While Trump has since continued his losing streak, suffering a presidential election defeat to Joe Biden in November 2020, Orestes Fintiklis, founder of Ithaca Capital, a hospitality and travel private equity investment firm, is now set to take public a Silicon Valley marketplace and technology platform, known as Mondee, that hopes to revolutionize the $1 trillion travel market provide a new solution for gig workers in the post-pandemic economy.

The Panama deal was quite a coup for Ithaca, and helped put the boutique firm on the map with widespread media coverage over its skillful humiliation of the much-vaunted Trump Organization, famous for its founder’s supposed talent for knowing the ‘art of the deal.’


Ithaca owns several hotel in Latin America, including Panamá and Colombia and is still in litigation with Trump in Panama, where his former hotel is now being successfully operated by JW Marriott as one of the most popular luxury destinations in Panama.

“We chose to partner with ITHAX specifically because their team has an enviable record of successful business transactions, as well as possesses true expertise in the travel and leisure markets," said Mondee’s CEO, Prasad Gundumogula.

The Trump comparisons don’t end there. The Mondee deal is valued at about $1 billion and is expected to close in the first half of 2022, is being executed via a SPAC, a special financial acquisition mechanism which Trump is also using to launch his new media company, TMTG.

Unlike Trump’s controversial media company, which has raised plenty of investor capital but has not yet launched itself in the conservative media market, Mondee is an existing company with a 10-year history of strong revenues, historical profitability and impressive growth with over $3 billion in sales.


The new public company a partnership between Mondee and ITHAX Acquisition Corp, an offshoot of Ithaca, is launching with $300 million in cash from the SPAC, with investors including Morgan Stanley, and major private equity funds. ITHAX Acquisition Corp. is a strategic collaboration between Ithaca and AXIA Ventures Group, a real estate and hospitality firm with decades of experience developing and managing hotels and resorts.

"Mondee's vision is to transform the entire travel industry,” Gundumogula, said in a statement.

Mondee originally targeted the private airfare market and has since expanded to hotel and cars, cruise and tour offerings to create what it calls an Uber-like platform to help consumers bypass the avalanche of online travel data to get the best deals, connecting over 500 airlines and more than 50,000 gig and remote travel agents, according to a company presentation. “Just as there is now an Uber for transportation and a Netflix for entertainment, Mondee is quickly becoming a de-facto modern world travel marketplace,” it states.

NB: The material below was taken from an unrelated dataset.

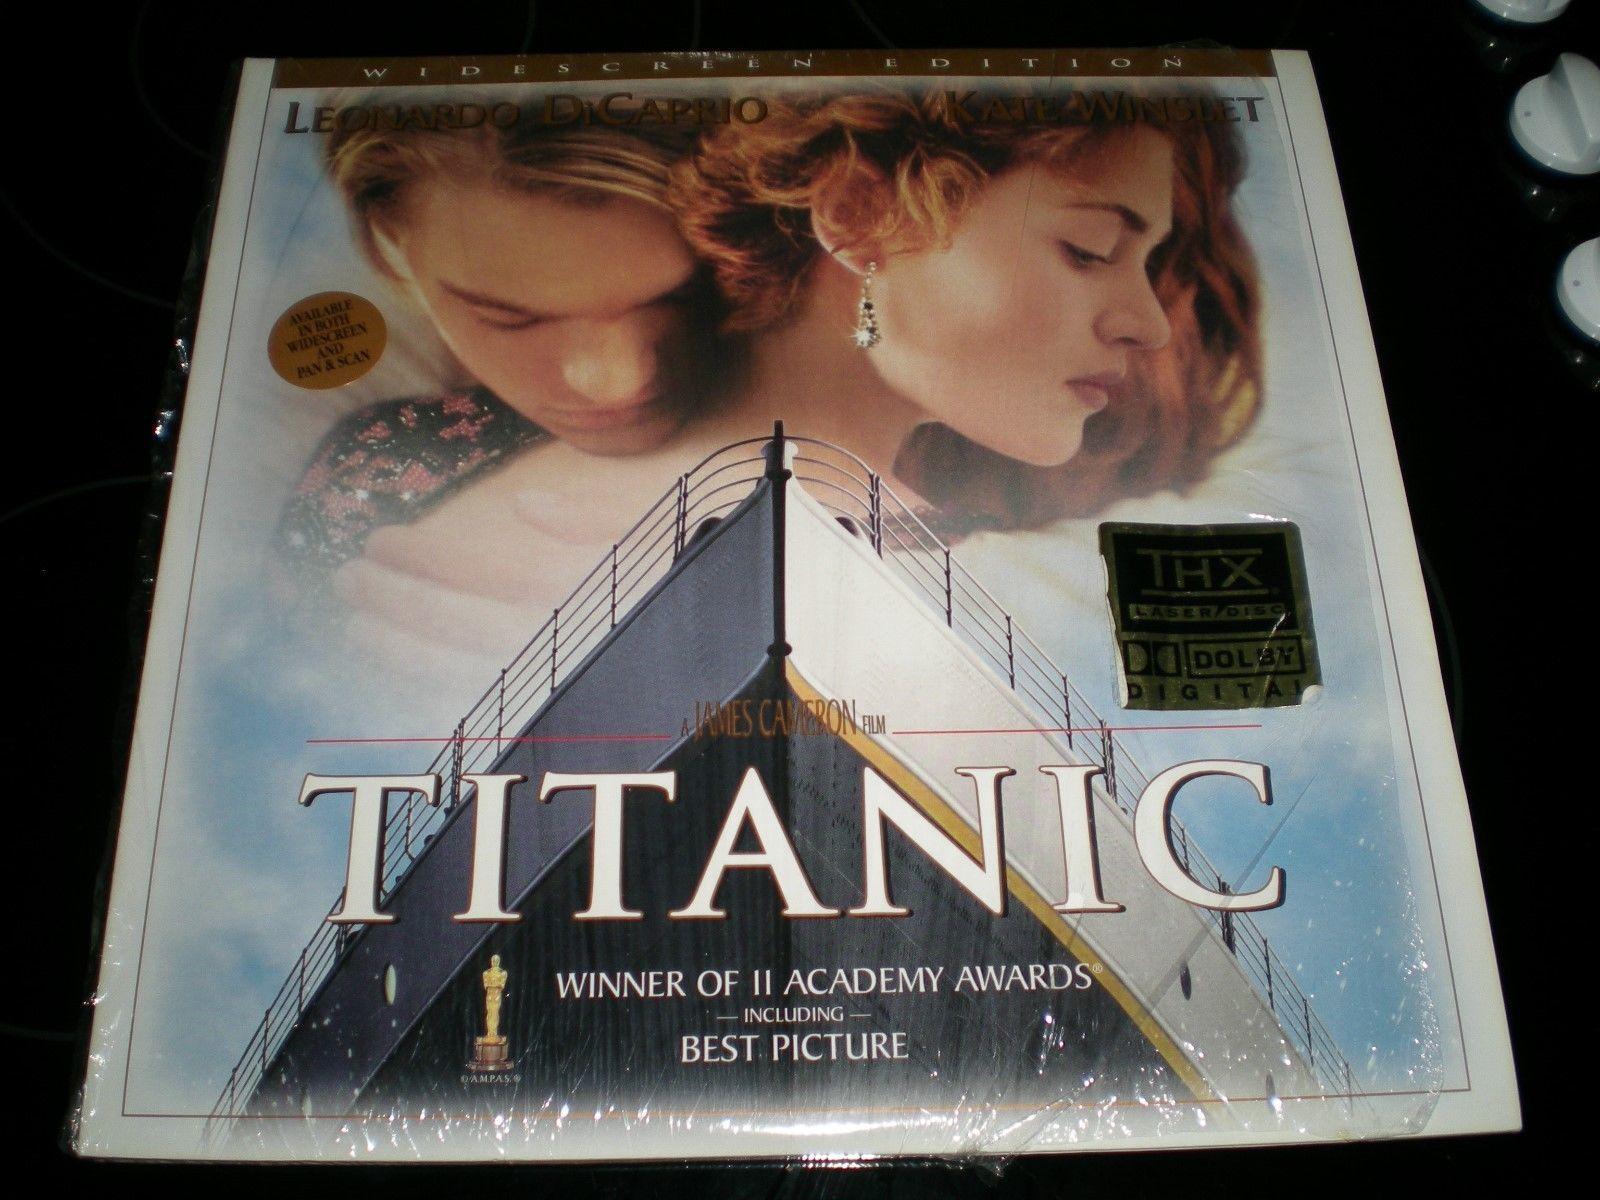 James Cameron - Titanic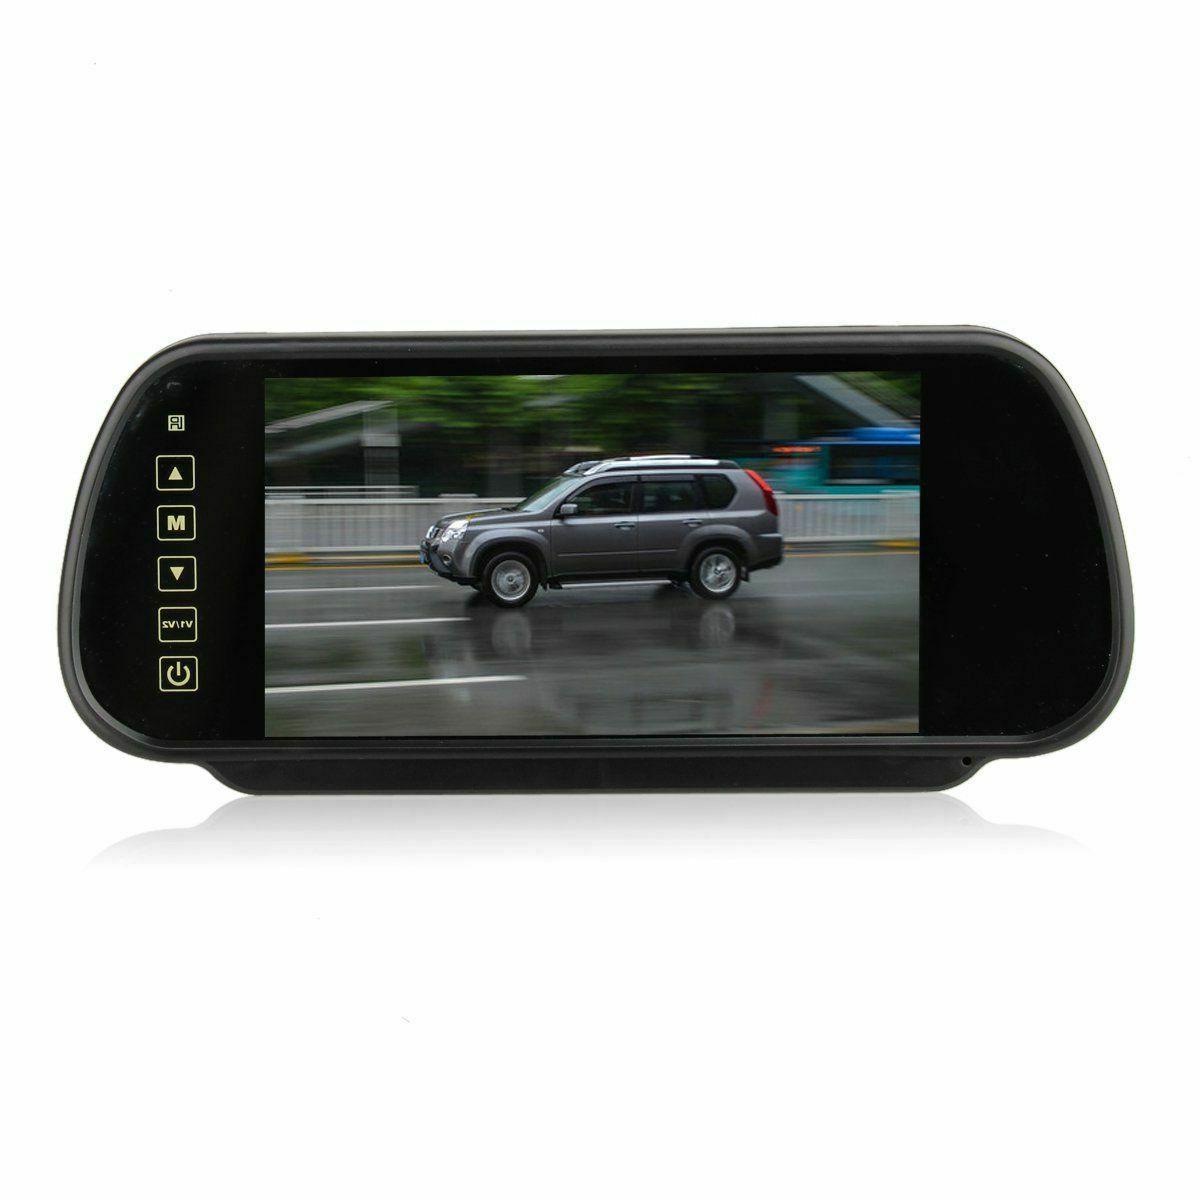 "7"" LCD Screen Rear Camera Wird"

“In this case you don’t need a car, you just need a computer or a smart phone,” said Fintiklis, CEO of ITHAX and founder of Ithaca Capital Partners.

It also seeks to address travel trends further accelerated by the covid-19 pandemic, allowing airlines to find a market for excess capacity resulting from shrinking business travel budgets. “This business model is ideally suited to the new normal which has been disrupted by covid and is already in sync with current travel market trends,” he added.